* **Activity**
Copy the data below exactly, omitting any picture it contains.
(Beginning of Given material)
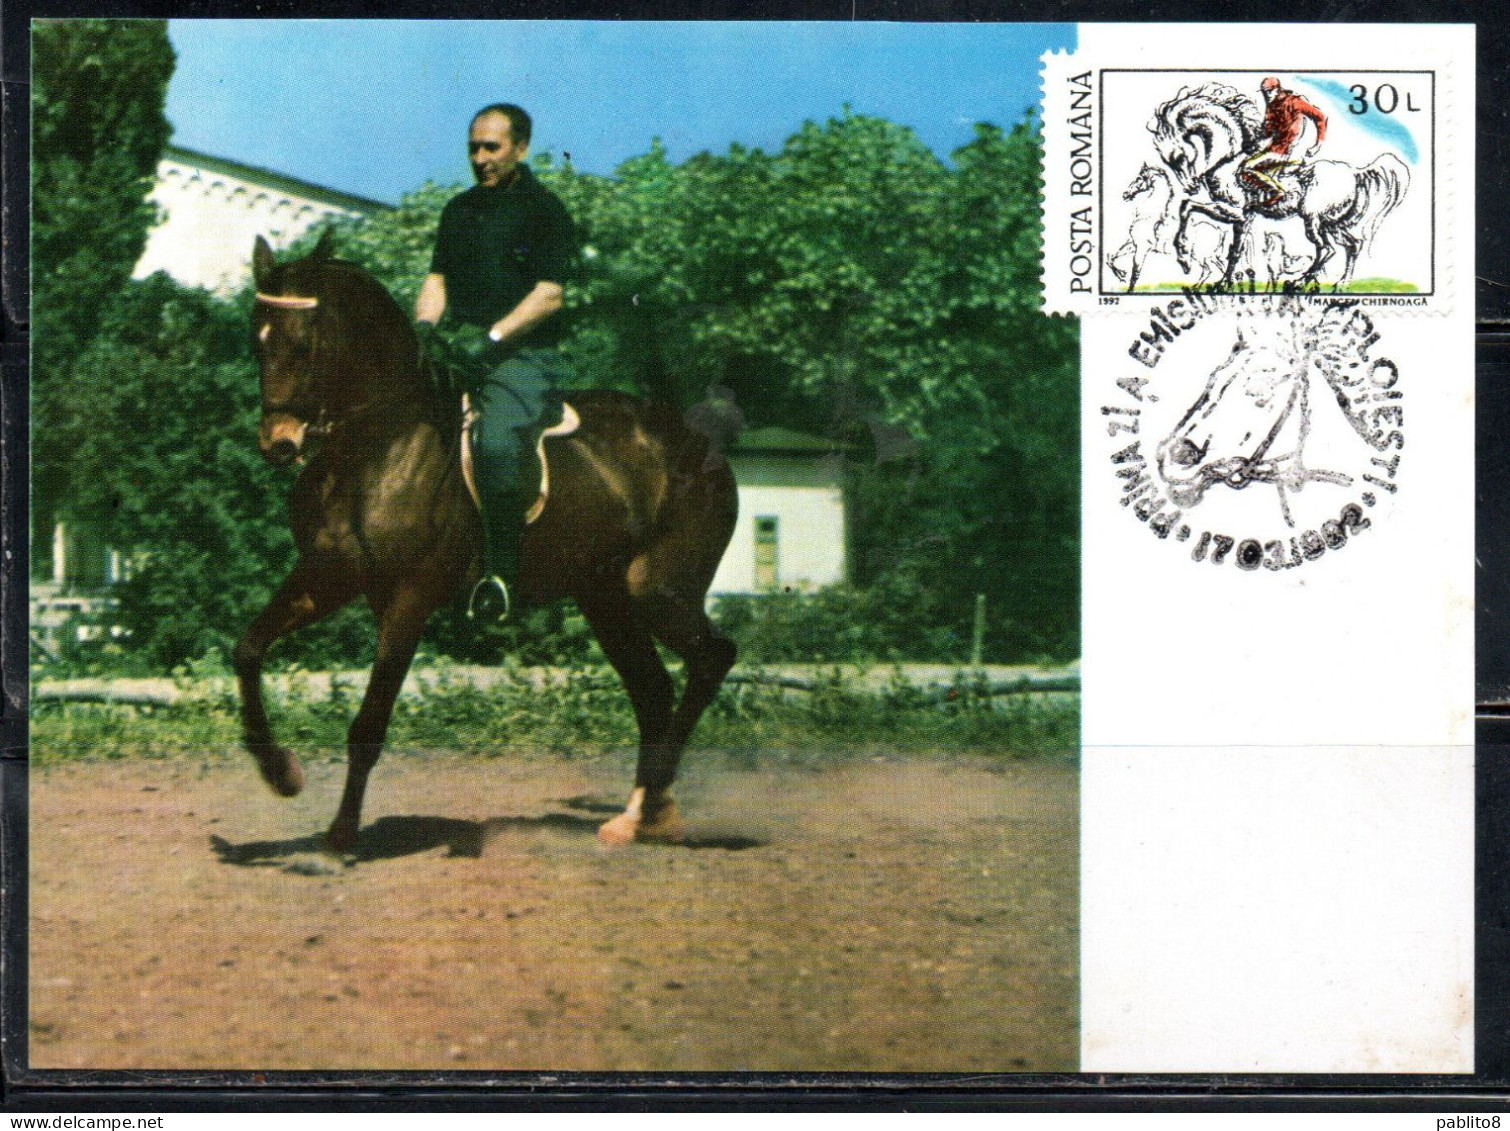 ROMANIA 1992 HORSES 30L MAXI MAXIMUM CARD - Cartes-maximum (CM)
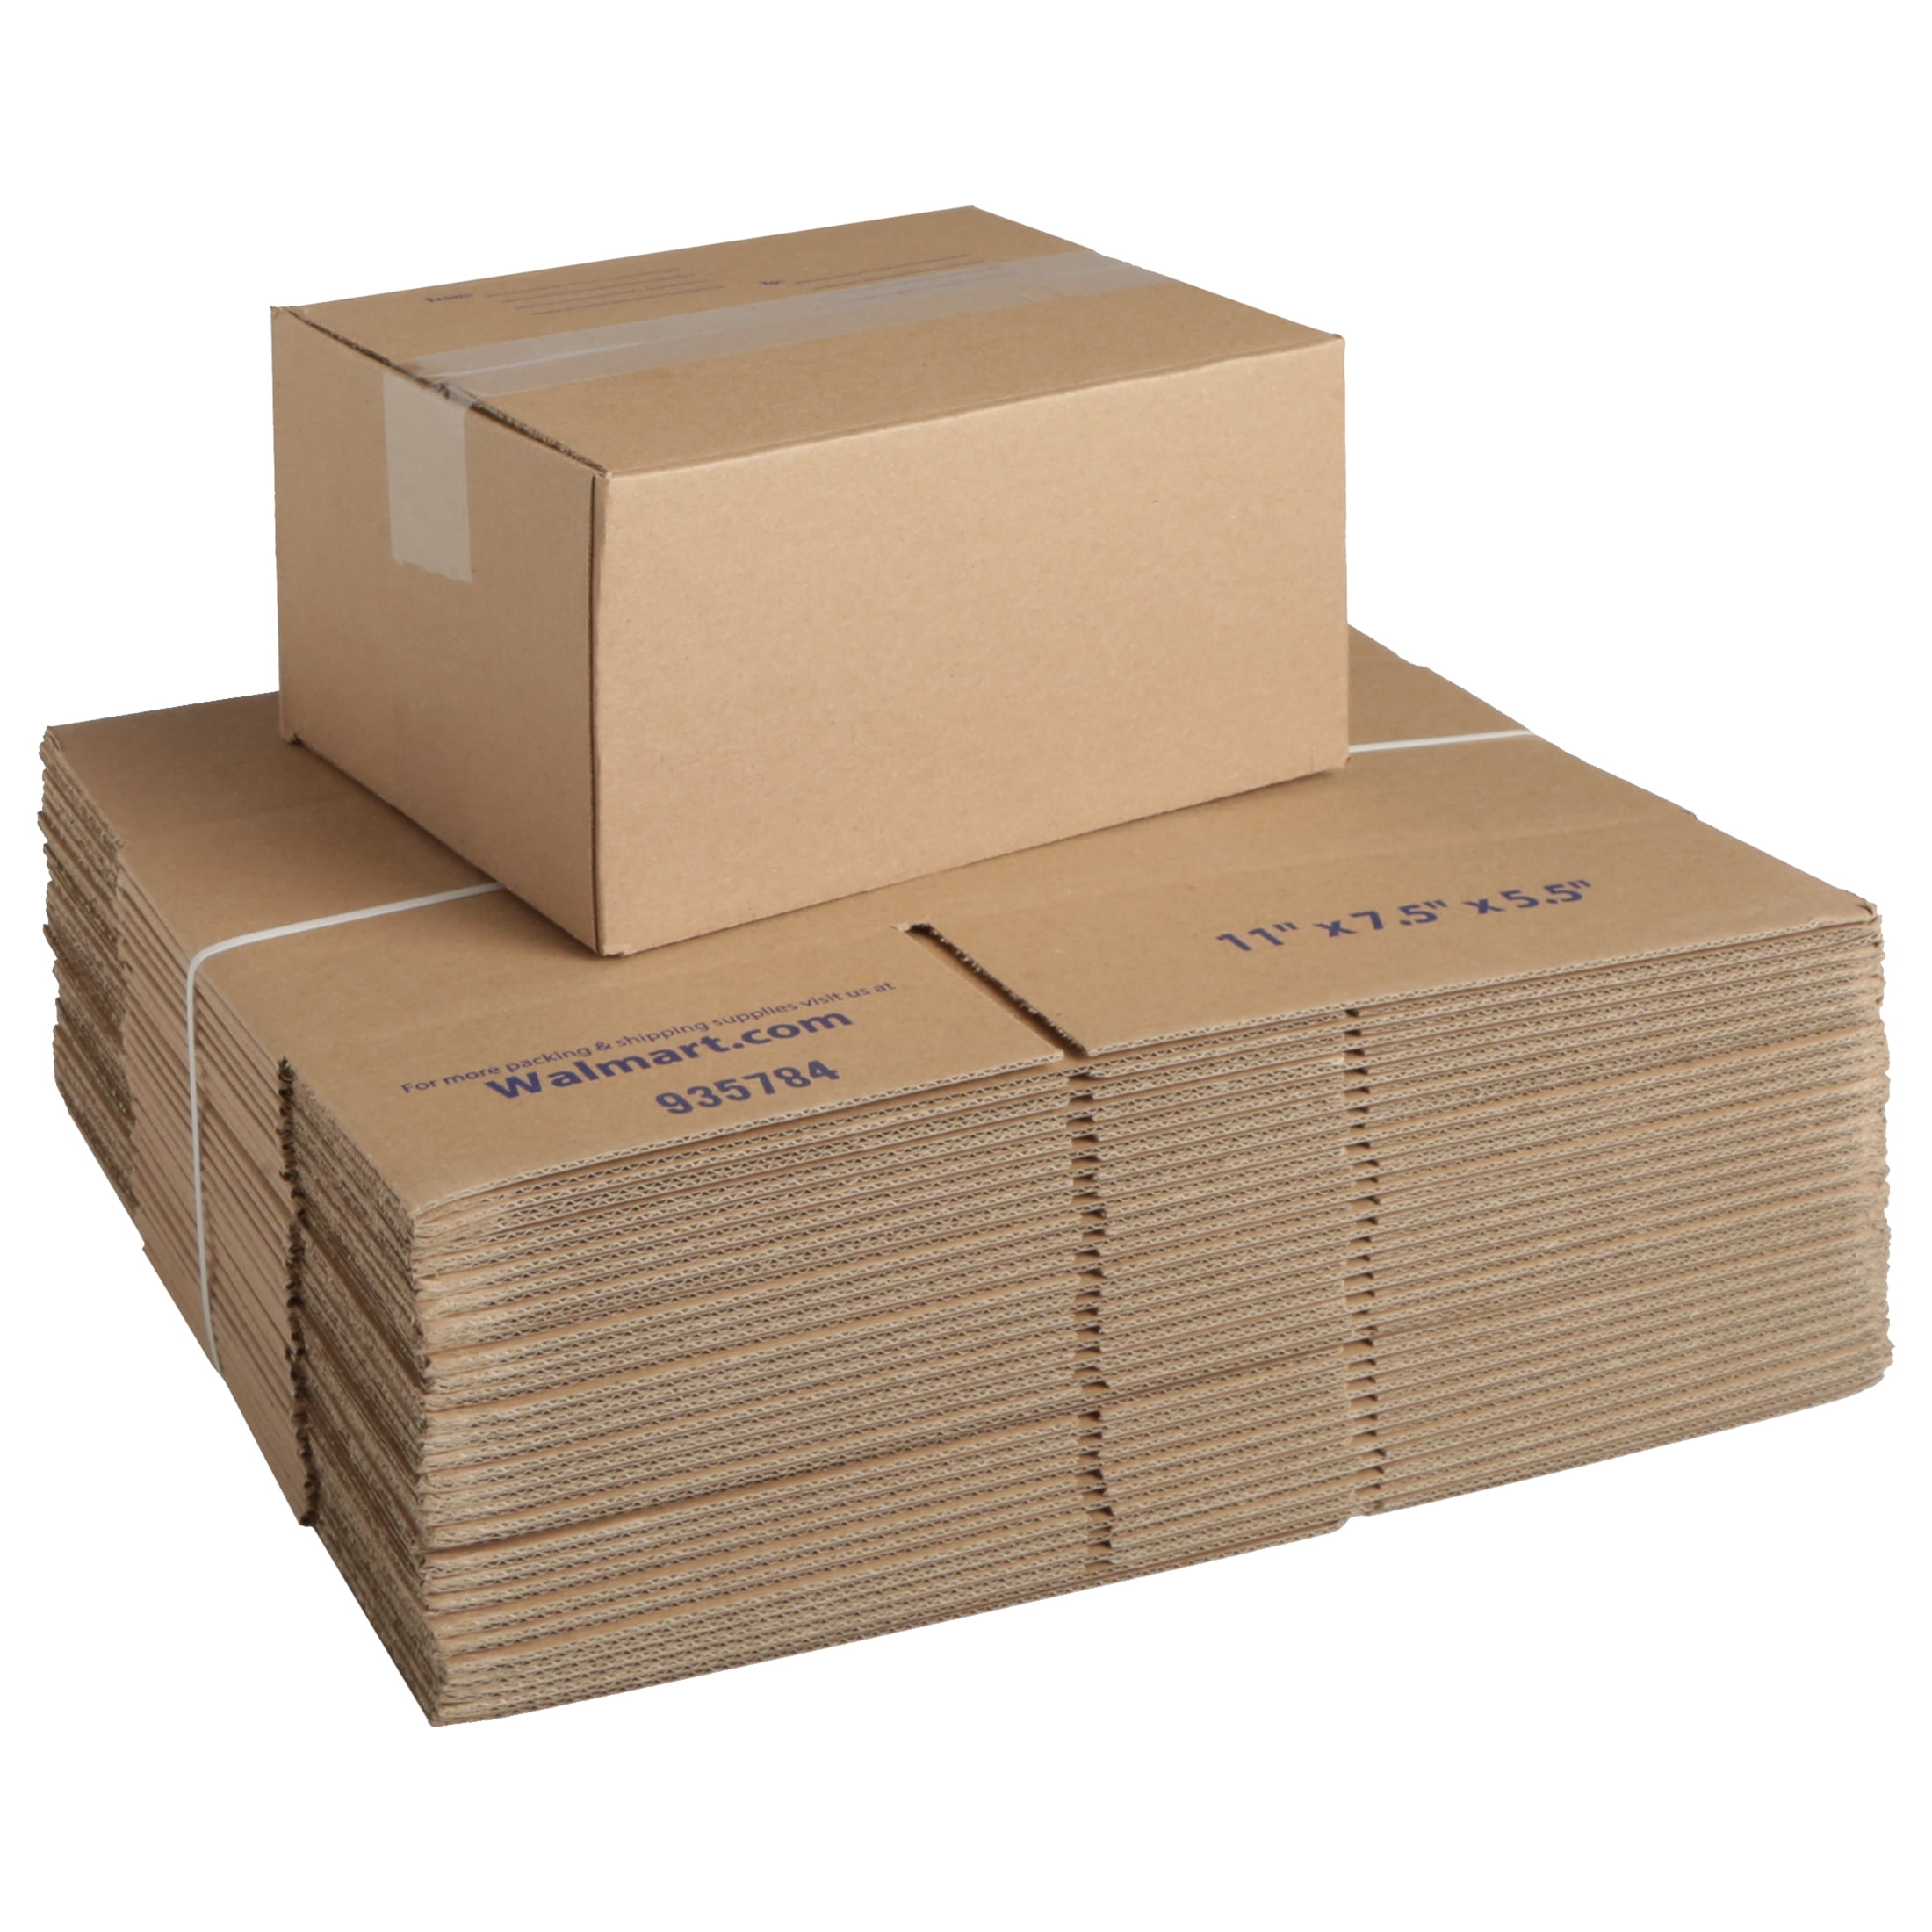 9 Shoe Boxes Lids Postal Cardboard Small Medium Mailing Shipping Cartons 
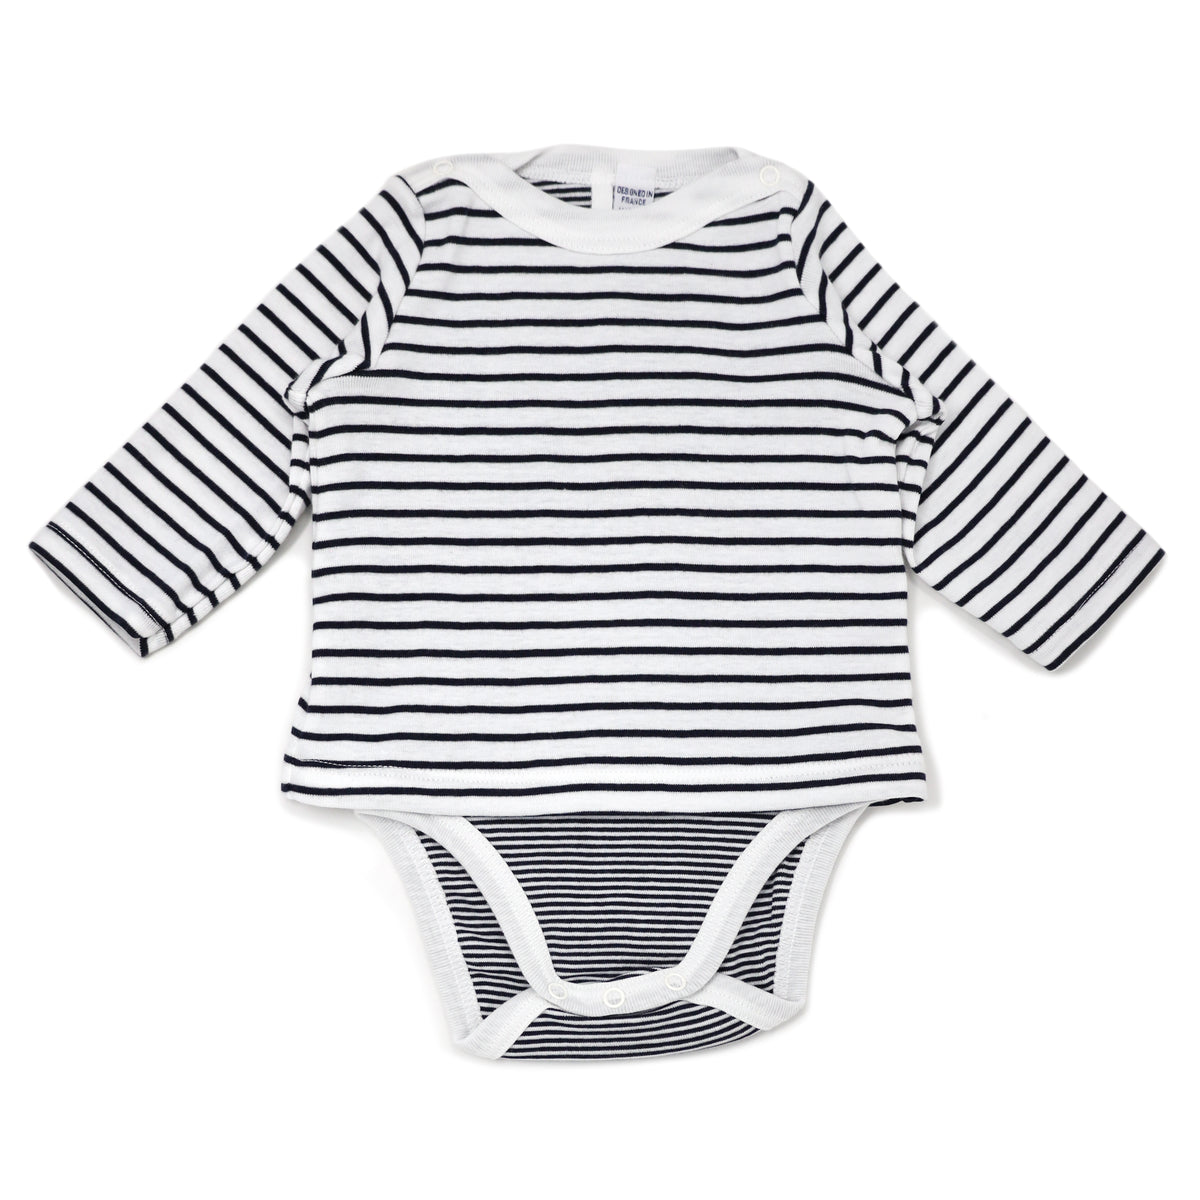 Petit Bateau Baby Long Sleeve Striped Bodysuit Top - Navy
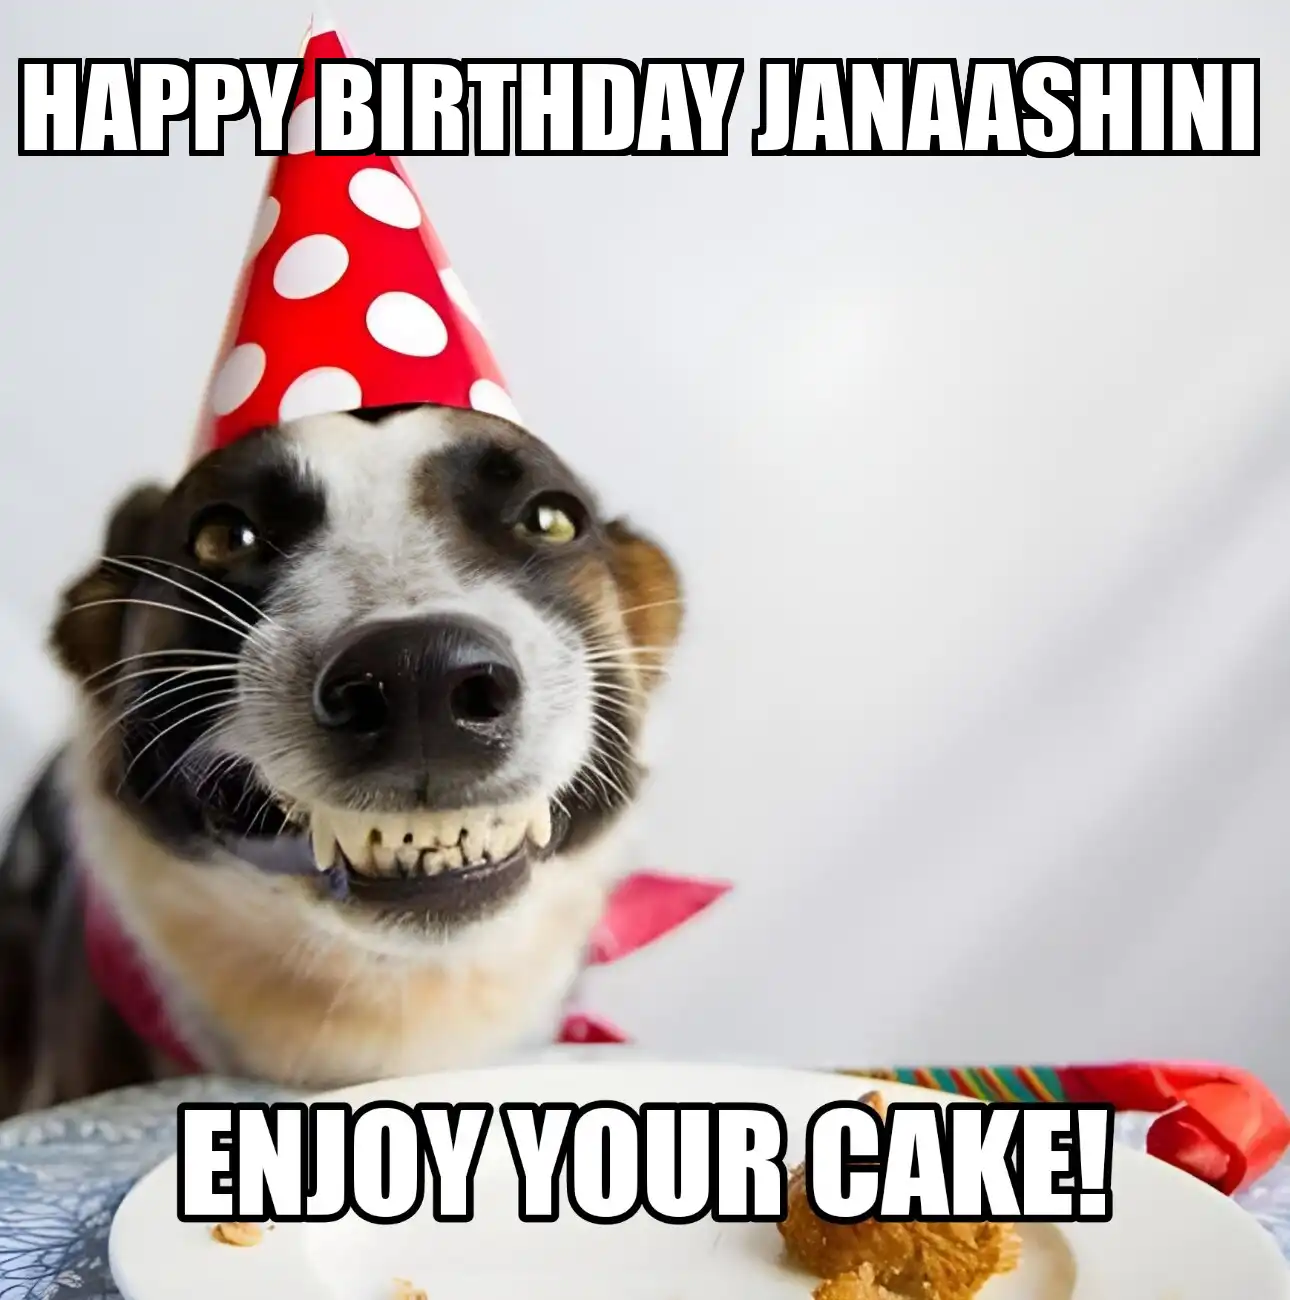 Happy Birthday Janaashini Enjoy Your Cake Dog Meme
(End of Given material)
* **Answer to this exercise**
 ROMANIA 1992 HORSES 30L MAXI MAXIMUM CARD - Cartes-maximum (CM)
 9 Shoe Boxes Lids Postal Cardboard Small Medium Mailing Shipping Cartons 
 Petit Bateau Baby Long Sleeve Striped Bodysuit Top - Navy
 Happy Birthday Janaashini Enjoy Your Cake Dog Meme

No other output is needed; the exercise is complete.